Good Madam
by Hope Madden
There are so many things about Celine Sciamma’s masterpiece Portrait of a Lady on Fire that stay with me. For example, the way men haunt the film without ever really being onscreen.
Director Jenna Cato Bass employs a similar strategy in her psychological thriller Good Madam, a film where white people are all but absent yet still suffocatingly present.
The South African film catches up with Tsidi (Chumisa Cosa) and her daughter Winnie (Kamvalethu Jonas Raziya) on their way to see Tsidi’s mother (Nosipho Mtebe). Tsidi is not entirely welcome, not happy to be there, but here they are: mother, daughter and granddaughter sharing servants quarters in the home of a wealthy, dying white woman.

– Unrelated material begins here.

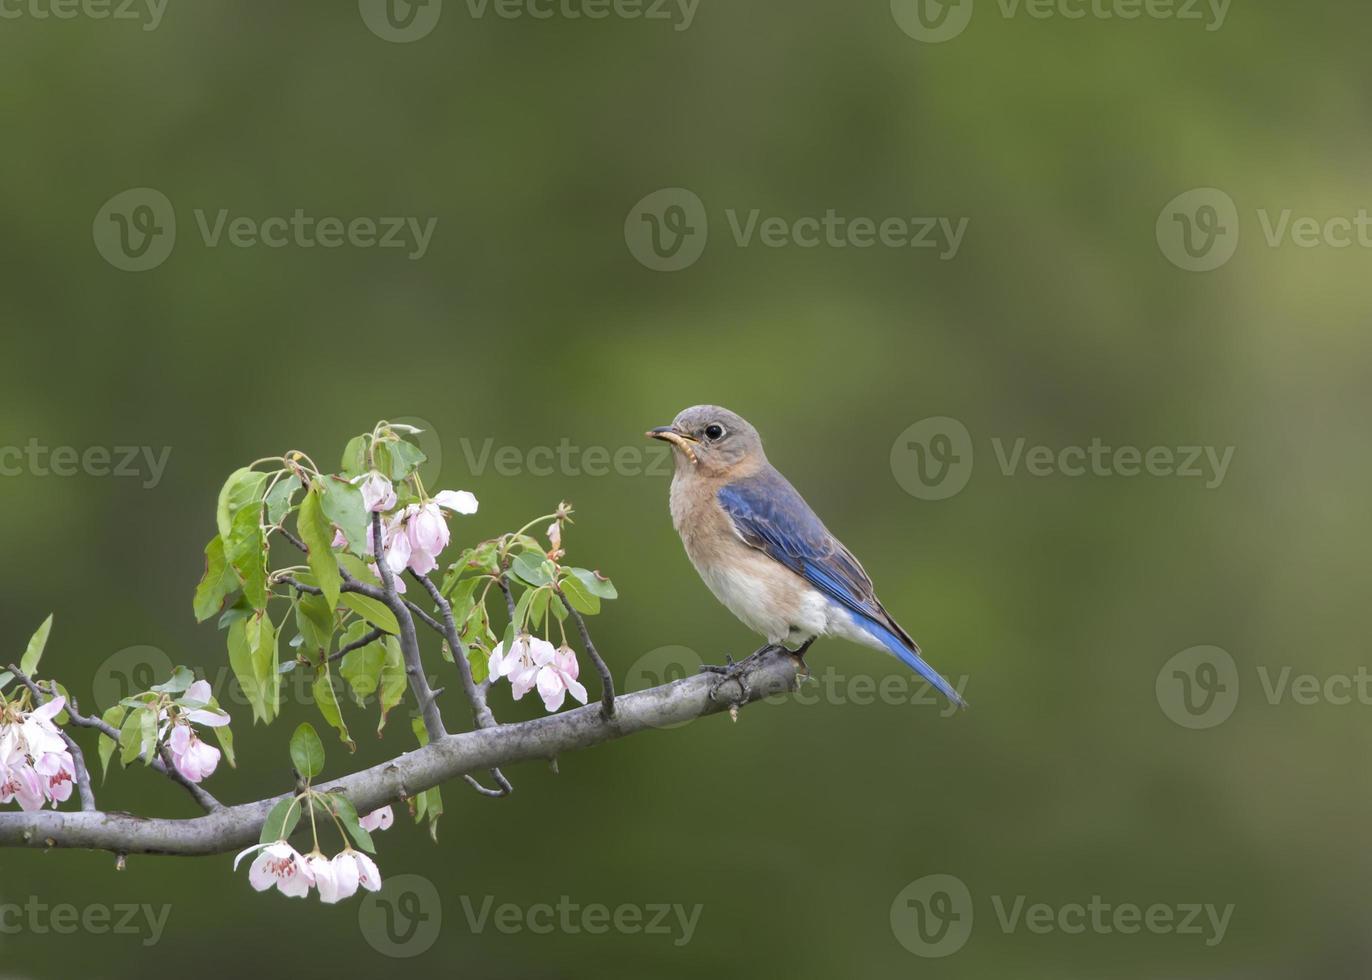 merlebleu de l'Est femelle perché de fleurs roses photo

The film’s story has an unstructured authenticity about it, likely stemming from its improvisational storytelling (essentially everyone in the cast is credited for writing the film). Conversations ring true in ways that are sometimes touching, sometimes startling. Scenes rarely feel like breadcrumbs leading through the mystery inside this house, and yet, that’s what they are.
The film walks the line between political allegory and supernatural horror with ease, conjuring dread from the opening moments. Cato Bass twists that knife as Tsidi rails against her mother’s slavish devotion to the catatonic homeowner. Present meets recent past, all of it overshadowed by a long, horrifying South African history.
Cato Bass and her cast confront colonialism, both present and past, through the eyes of three generations. The film repurposes familiar images, often effectively, sometimes calling to mind Jordan Peele’s Get Out, among other genre fare.
Cosa’s performance is especially strong and unpredictable and she seems to transform physically from scene to scene to suit the character’s mood.
The ambiguities of the storyline can be as frustrating as they are refreshing, but Good Madam doesn’t waste your time. It’s a savvy, satisfying subversion of history and horror.